Lai Win Shun, Gordetsky Jennifer B, Thomas John V, Nix Jeffrey W, Rais-Bahrami Soroush
Department of Urology, University of Alabama at Birmingham, Birmingham, Alabama.
Department of Pathology, University of Alabama at Birmingham, Birmingham, Alabama.
Cancer. 2017 Jun 1;123(11):1941-1948. doi: 10.1002/cncr.30548. Epub 2017 Jan 31.
The objective of this study was to create a nomogram model integrating clinical and multiparametric magnetic resonance imaging (MP-MRI)-based variables to predict prostate cancer upgrading in a population of active surveillance (AS) patients.
Prostate cancer patients on AS who underwent MP-MRI with magnetic resonance imaging (MRI)/ultrasound (US) fusion-guided biopsy were identified. Clinical and imaging variables, including the prostate-specific antigen density (PSAD), number of lesions, total lesion volume, total lesion density, Prostate Imaging Reporting and Data System magnetic resonance imaging suspicion score (MRI-SS), and duration between prereferral systematic and MRI/US fusion-guided biopsy sessions, were assessed. Logistic regression modeling was used to assess upgrading on MRI/US fusion-guided biopsy. A predictive model for upgrading was calculated with the significant factors identified.

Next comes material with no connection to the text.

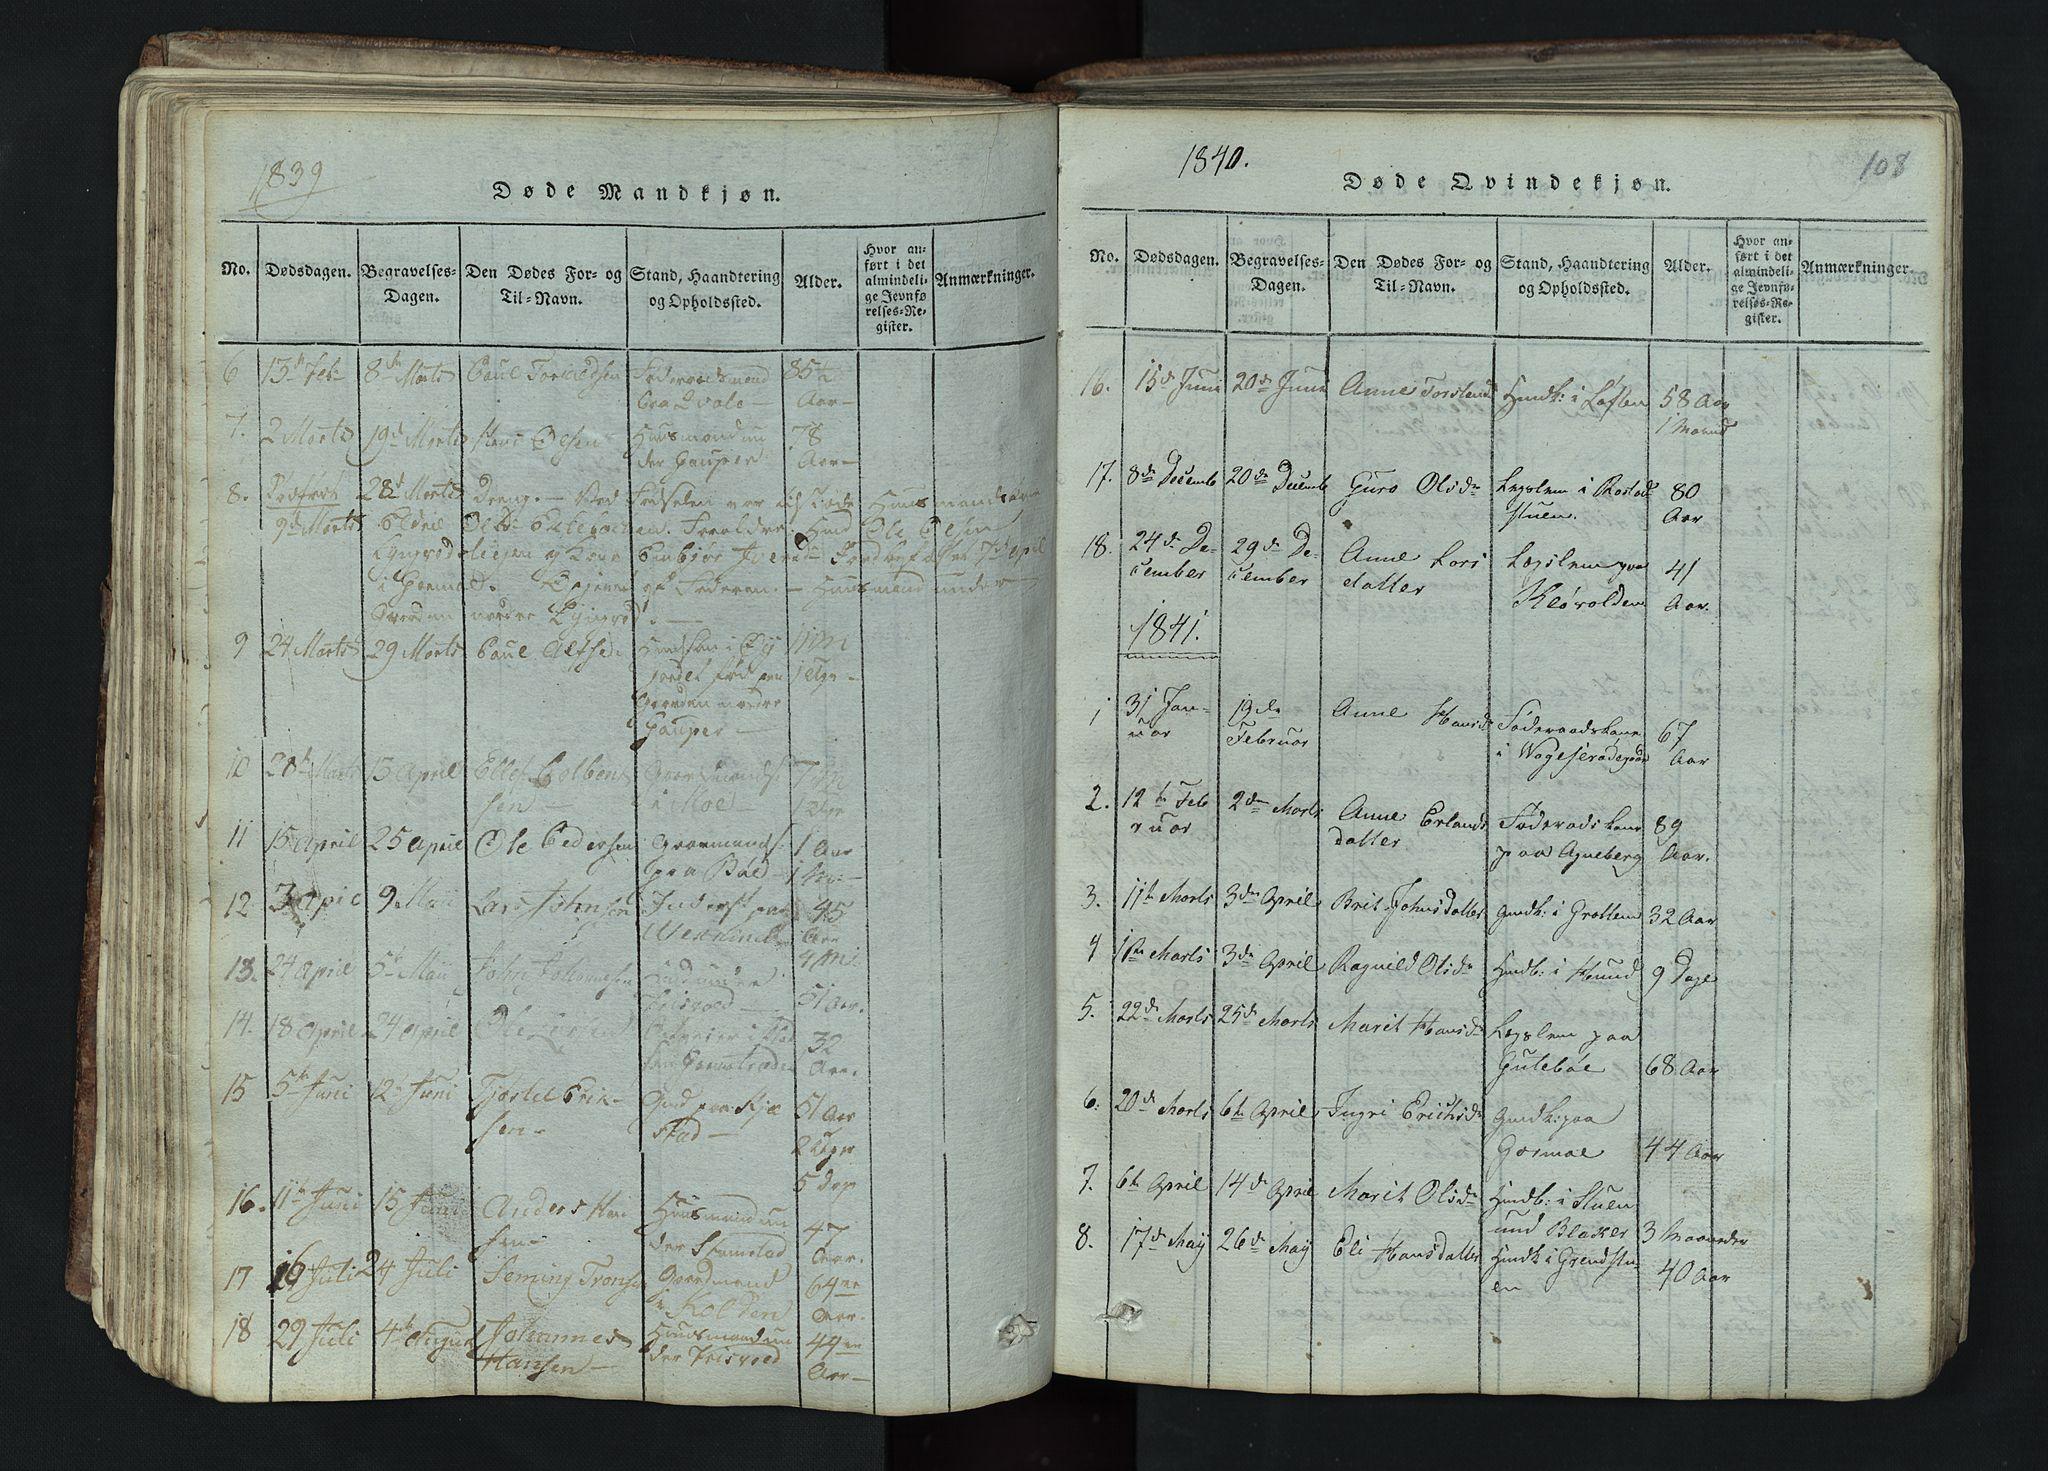 SAH, Lom prestekontor, L/L0002: Klokkerbok nr. 2, 1815-1844, s. 108

Seventy-six patients were analyzed with a mean age of 62.5 years and a median prostate-specific antigen (PSA) level of 5.1 ng/mL. The average duration between prereferral and MRI/US biopsies was 21 months. Twenty patients (26.32%) were upgraded. The PSAD, duration between prereferral and MRI/US biopsies, MRI-SS, and MRI total lesion density were significantly associated with upgrading. A logistic regression model using these factors to predict upgrading on confirmatory MRI/US fusion biopsy had an area under the curve (AUC) of 0.84, whereas the AUC was 0.69 with PSA alone. On the basis of this model, a nomogram was generated, and using a probability cutoff of 22% as an indication of upgrading, it produced sensitivity, specificity, positive predictive, and negative predictive values of 80%, 81.25%, 57.1%, and 92.86%, respectively.

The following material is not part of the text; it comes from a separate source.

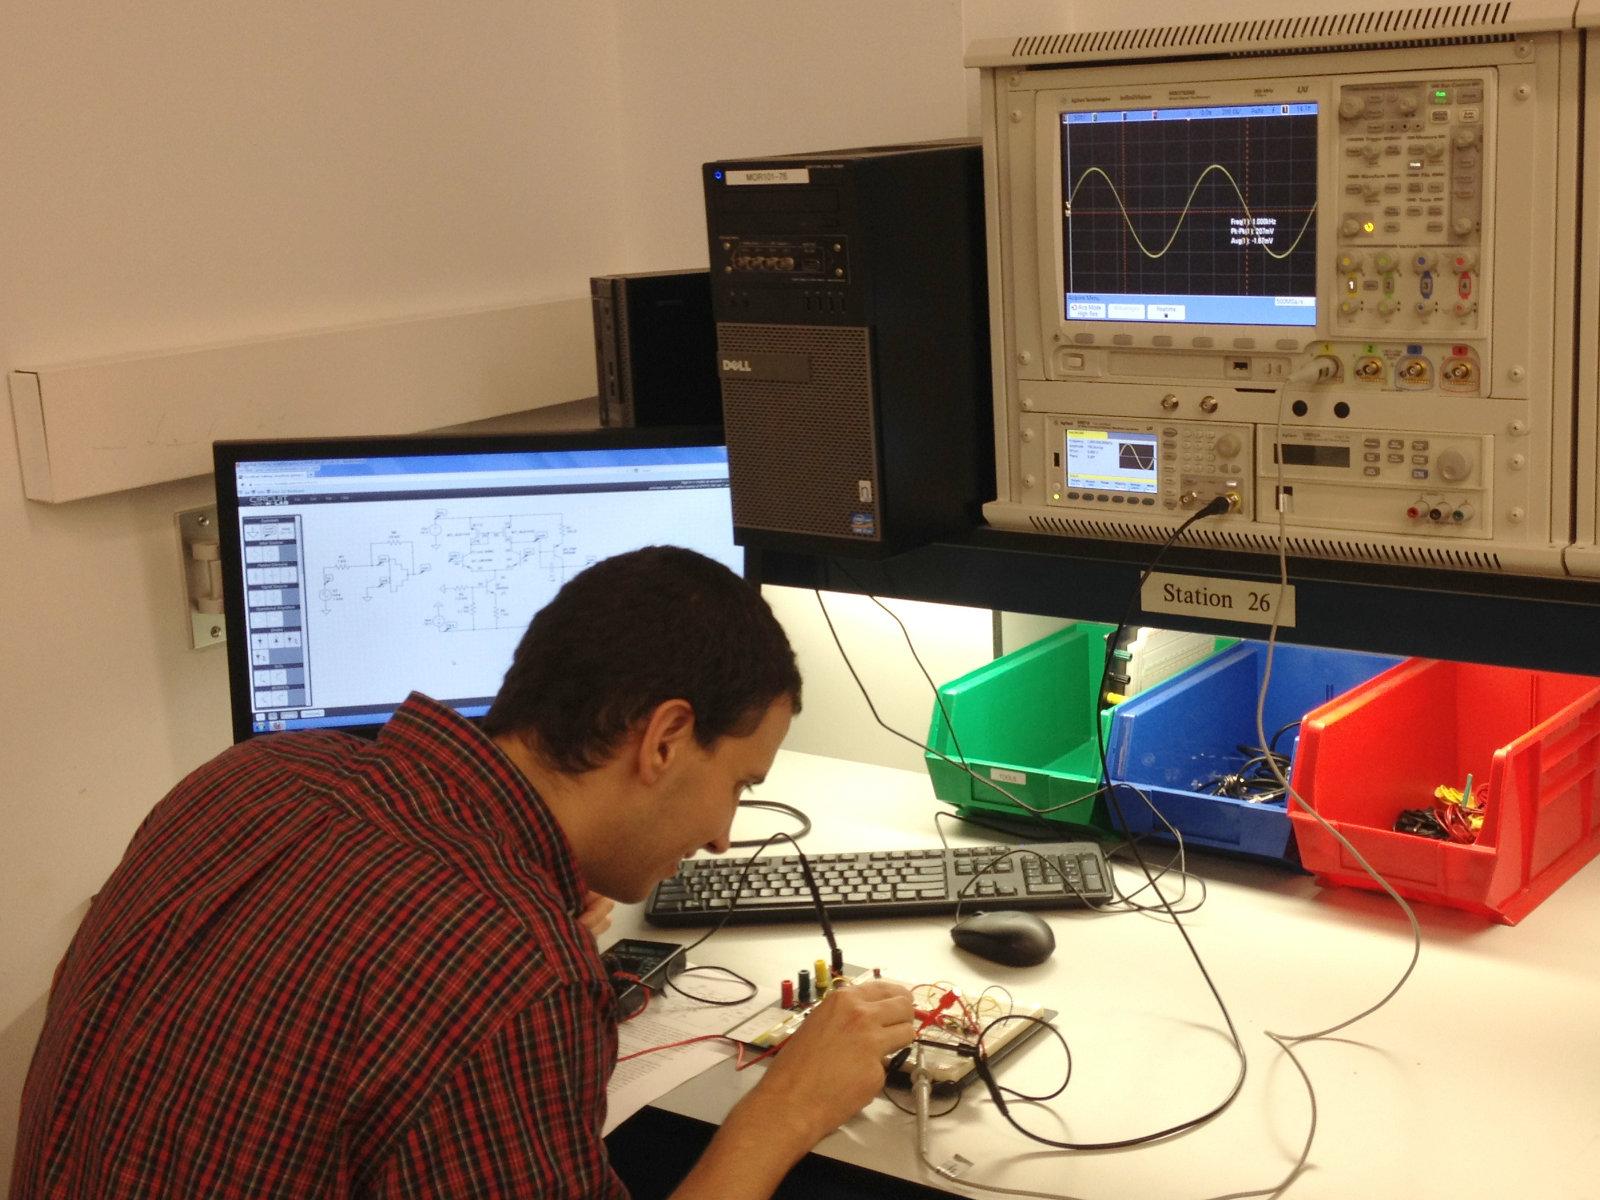 CircuitLab circuit simulator at Penn

The integration of MRI findings with clinical parameters can add value to a model predicting upgrading from a Gleason score of 3 + 3 = 6 in men on AS. This can potentially be used as a noninvasive approach to confirm AS patients with low-risk disease for whom biopsy may be deferred. Cancer 2017;123:1941-1948. © 2017 American Cancer Society.
本研究的目的是创建一个整合临床和基于多参数磁共振成像(MP-MRI)变量的列线图模型,以预测主动监测(AS)患者群体中前列腺癌的升级情况。
确定接受MP-MRI检查并经磁共振成像(MRI)/超声(US)融合引导活检的AS前列腺癌患者。评估临床和影像变量,包括前列腺特异性抗原密度(PSAD)、病灶数量、总病灶体积、总病灶密度、前列腺影像报告和数据系统磁共振成像可疑评分(MRI-SS)以及转诊前系统活检与MRI/US融合引导活检之间的时间间隔。使用逻辑回归模型评估MRI/US融合引导活检时的升级情况。根据确定的显著因素计算升级的预测模型。
分析了76例患者,平均年龄62.5岁,前列腺特异性抗原(PSA)水平中位数为5.1 ng/mL。转诊前与MRI/US活检之间的平均时间间隔为21个月。20例患者(26.32%)出现升级。PSAD、转诊前与MRI/US活检之间的时间间隔、MRI-SS以及MRI总病灶密度与升级显著相关。使用这些因素预测确诊MRI/US融合活检时升级的逻辑回归模型的曲线下面积(AUC)为0.84,而仅使用PSA时AUC为0.69。基于该模型生成了列线图,以22%的概率截断值作为升级的指标,其敏感性、特异性、阳性预测值和阴性预测值分别为80%、81.25%、57.1%和92.86%。
将MRI结果与临床参数相结合可为预测AS男性患者从Gleason评分3 + 3 = 6升级的模型增加价值。这有可能用作一种非侵入性方法,以确认可能推迟活检的低风险疾病AS患者。《癌症》2017年;123:1941 - 1948。© 2017美国癌症协会。